Les influences, tu les trouve où ?

J’ai toujours énormément écouté Dial Records – Lawrence ou Efdemin par exemple. Leur approche est très mélodique et deep. Mais aussi, Pantha du Prince. Et pas mal d’artistes de Kompakt. Je suis assez mauvais avec les noms. Sinon, pas mal de hip-hop US de la côte est. Mais aussi du hip-hop allemand. J’ai eu aussi toute période heavy metal, comme les « Black Album », « Ride the Lightning » et « Kill em all » de Metallica, les deux premiers albums de Rammstein également, les groupes Life of Agony et Type O Negative. J’aime leur mélancolie et les ondes dark qu’il véhiculent.

Tu conseillerais à tout le monde de grandir en pleine nature ?

Oui, sincèrement. Quand tu grandis dans une région où tu n’as pas constamment d’obligations sociales, surtout quand tu n’es pas très doué avec ça, c’est sain. Tu as plus le temps à te concentrer sur toi et te faire une place plutôt que d’essayer de vivre avec d’incessants éléments perturbateurs. Le trafic automobile, la violence, le bruit, le stress, la pollution, l’accumulation de gens. A la campagne, tu peux facilement développer ta sensibilité. Tu peux être plus réactif à la beauté, comprendre la nature, la paix, le silence. Il y a une chose que je trouve super agréable aussi : tu peux arriver sur une prairie, dans une clairière, n’importe, y passer un moment et repartir avec la conviction qu’il t’appartient. Ce sentiment d’appartenance est plus compliqué en ville. Après, c’est ce que je pense et j’imagine que beaucoup de gens arrivent à développer ces capacités en ville. Mais, je le conseillerais à tout le monde.

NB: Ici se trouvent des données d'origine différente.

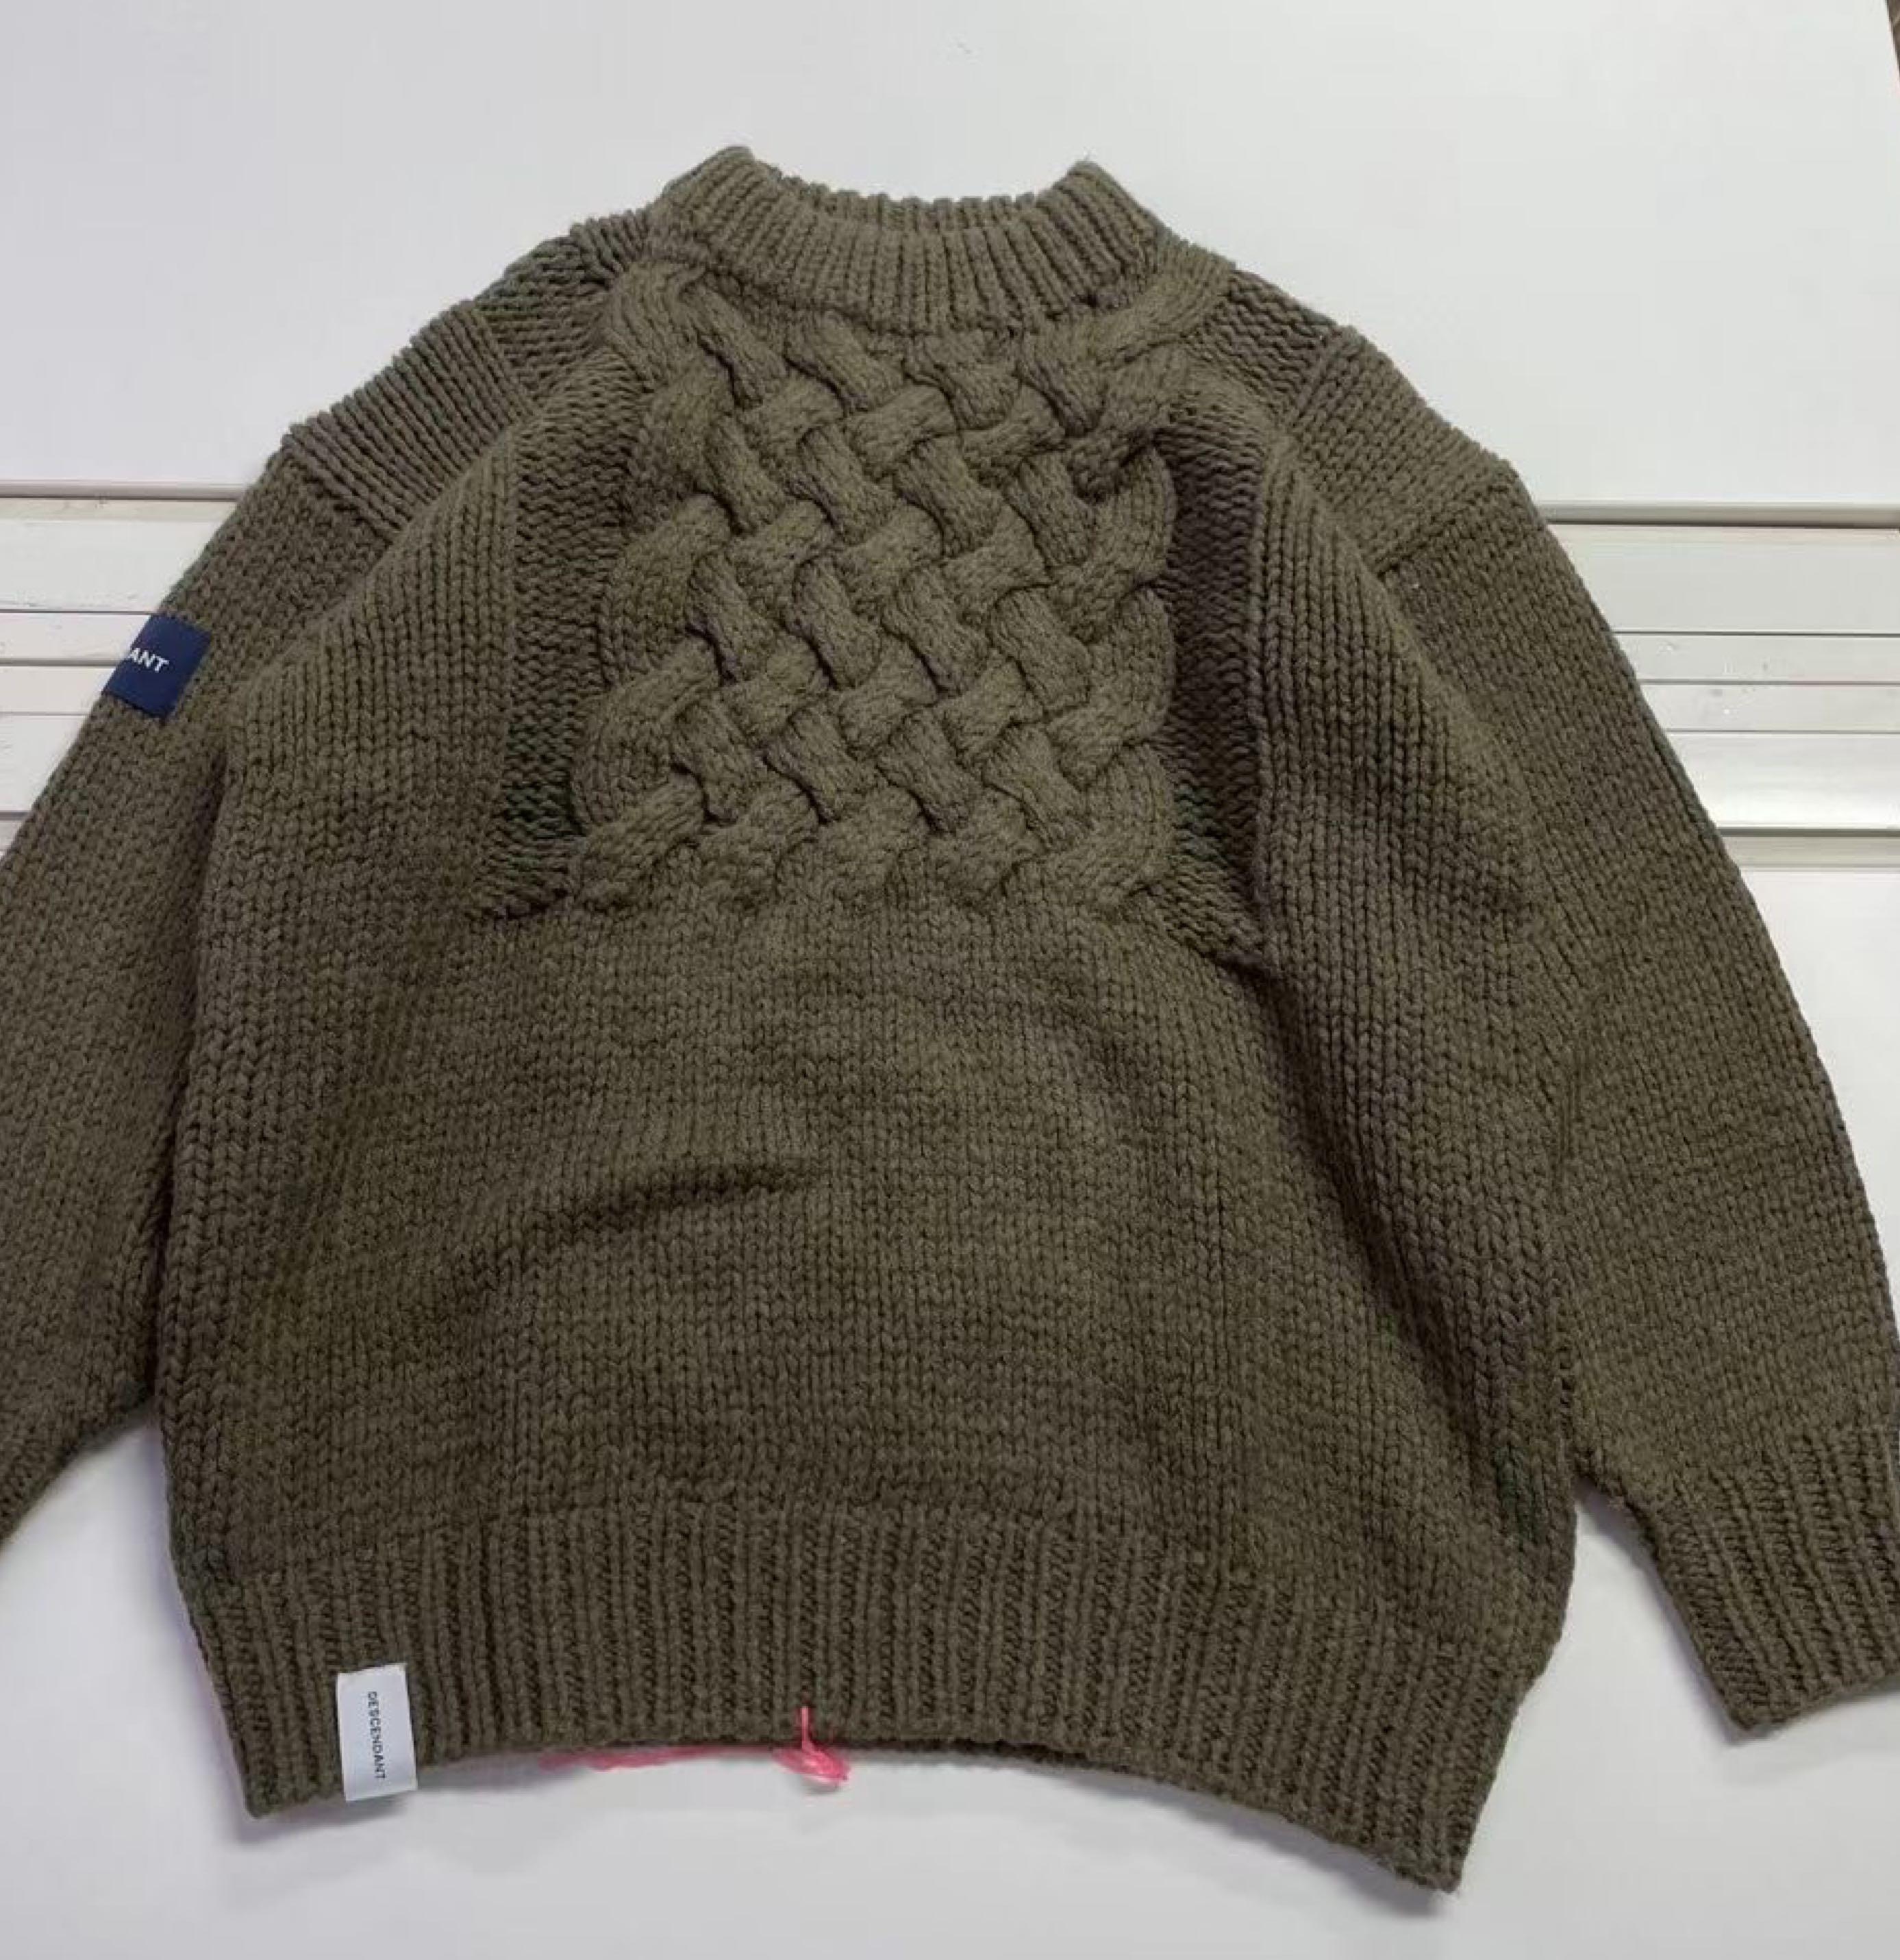 FADED CABLE KNIT
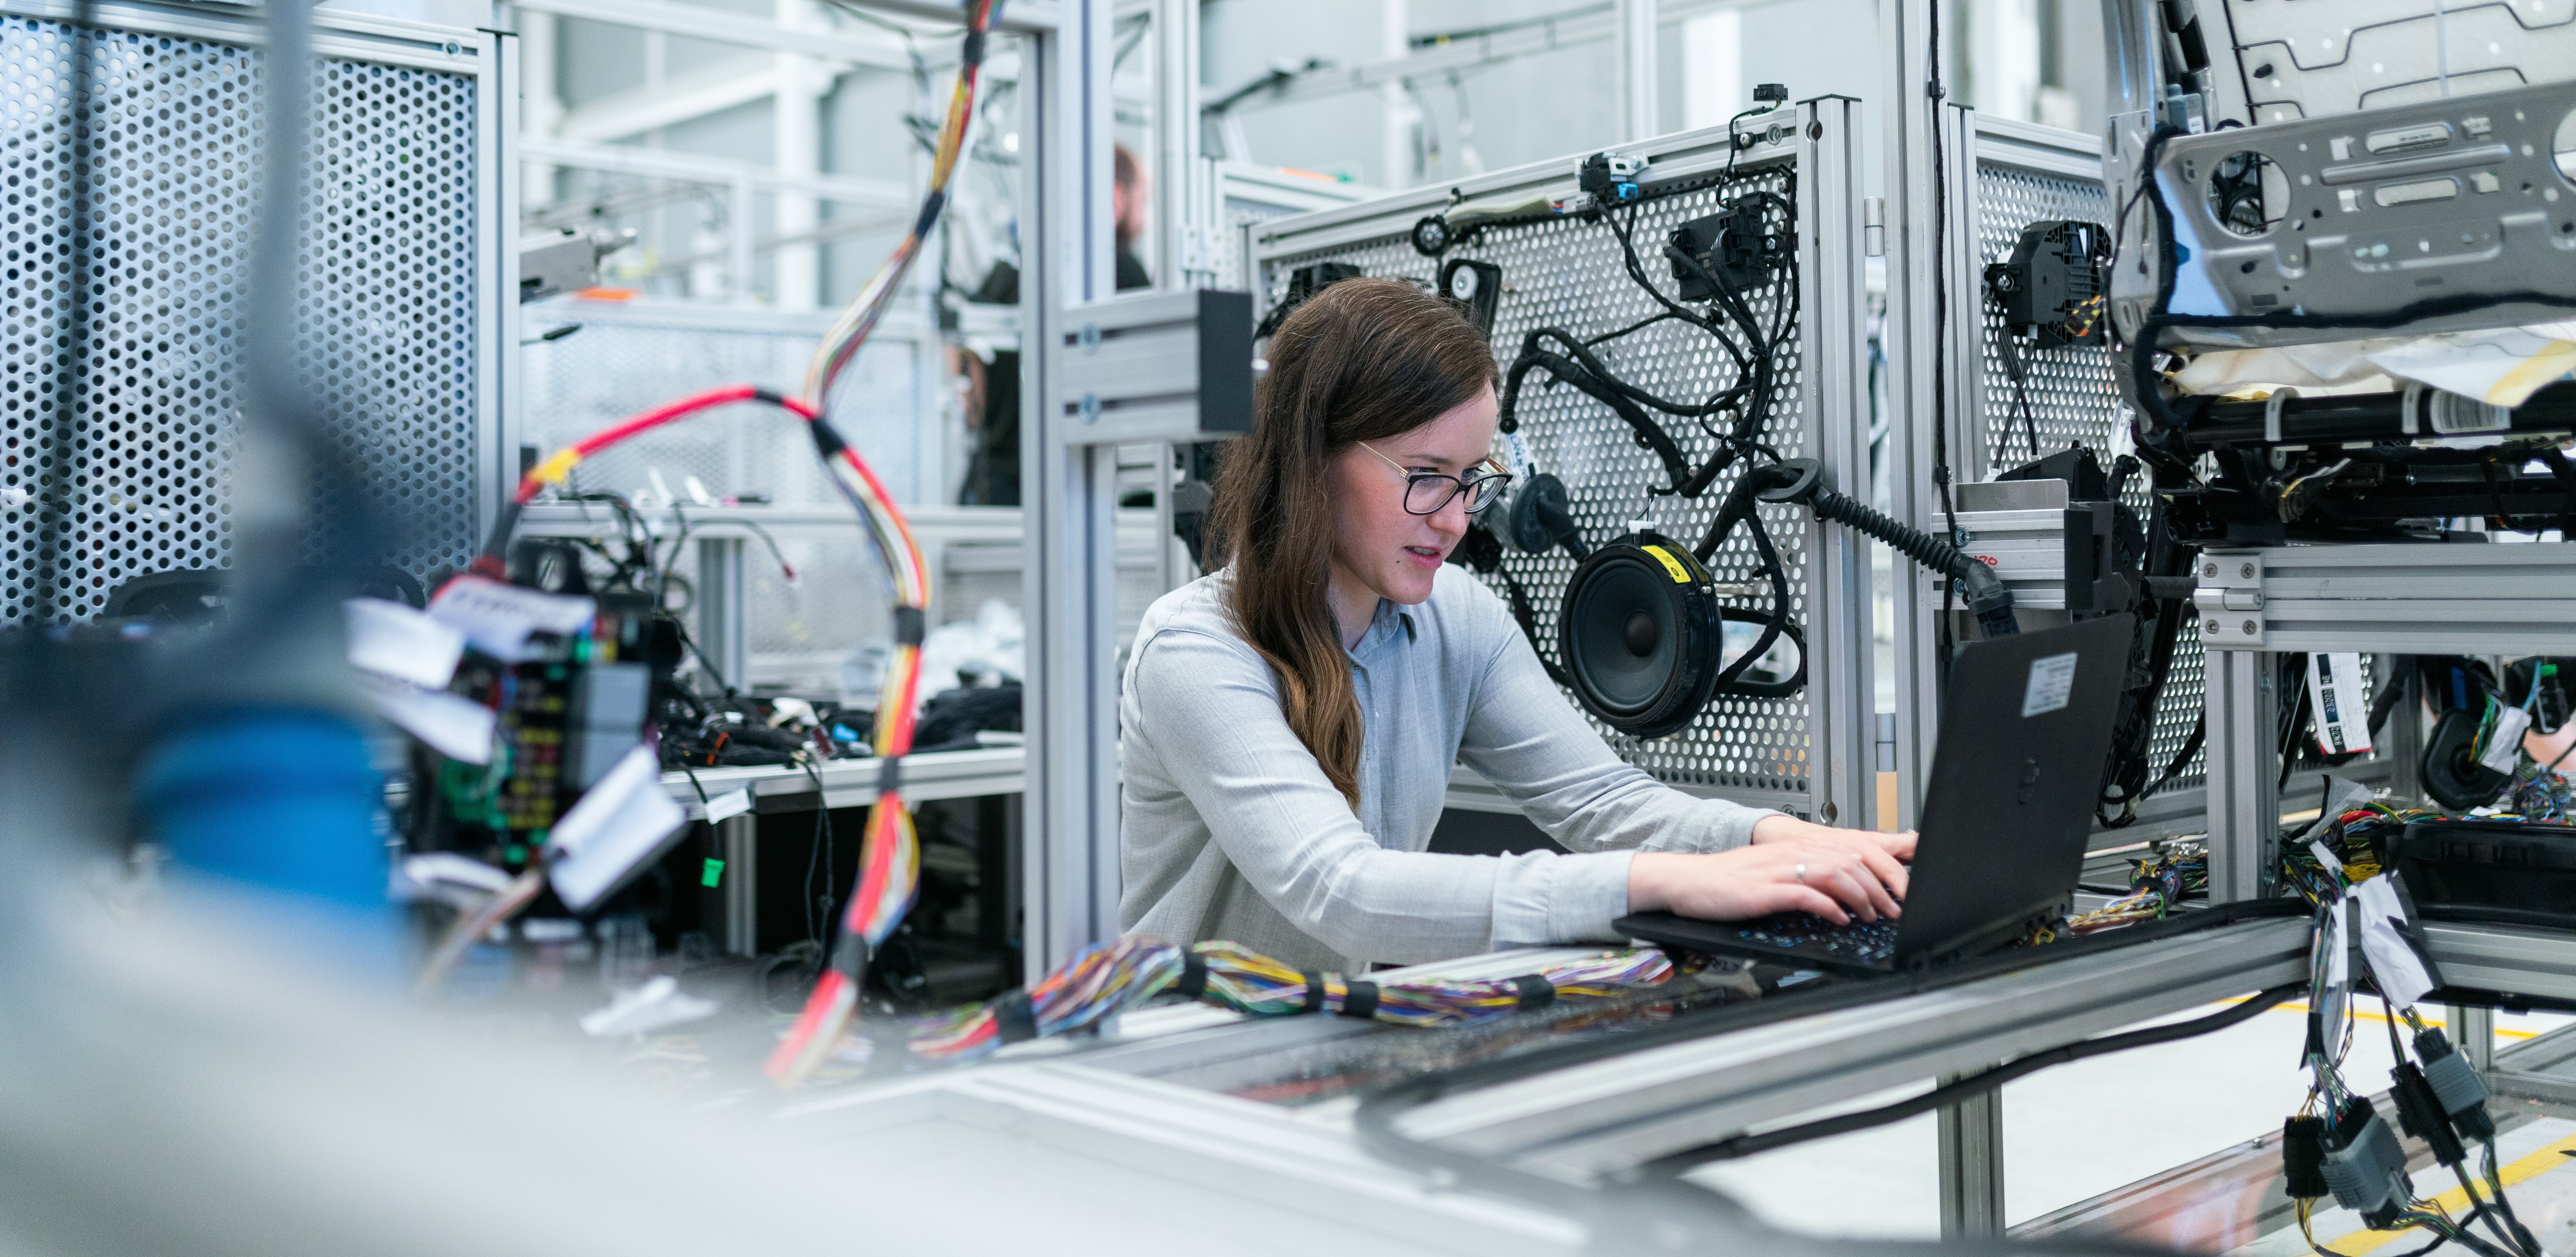 woman working on a laptop in an engineering manufacturing environment

C’est paradoxal parce que maintenant tu fais de la musique pour des foules de gens qui dansent en groupes, voire esseulées, dans leur monde intérieur. Comme en ville. Des paquets de gens qui se croisent.

Les gros rassemblements comme en festival ou en club, c’est une autre histoire. Parfois, c’est magique, parfois vraiment bizarre. Mais, effectivement, il existe au sein de ces endroits, des petites communautés, et à l’intérieur des gens seuls. Mais ça n’est un endroit de passage, une pause dans ta vie.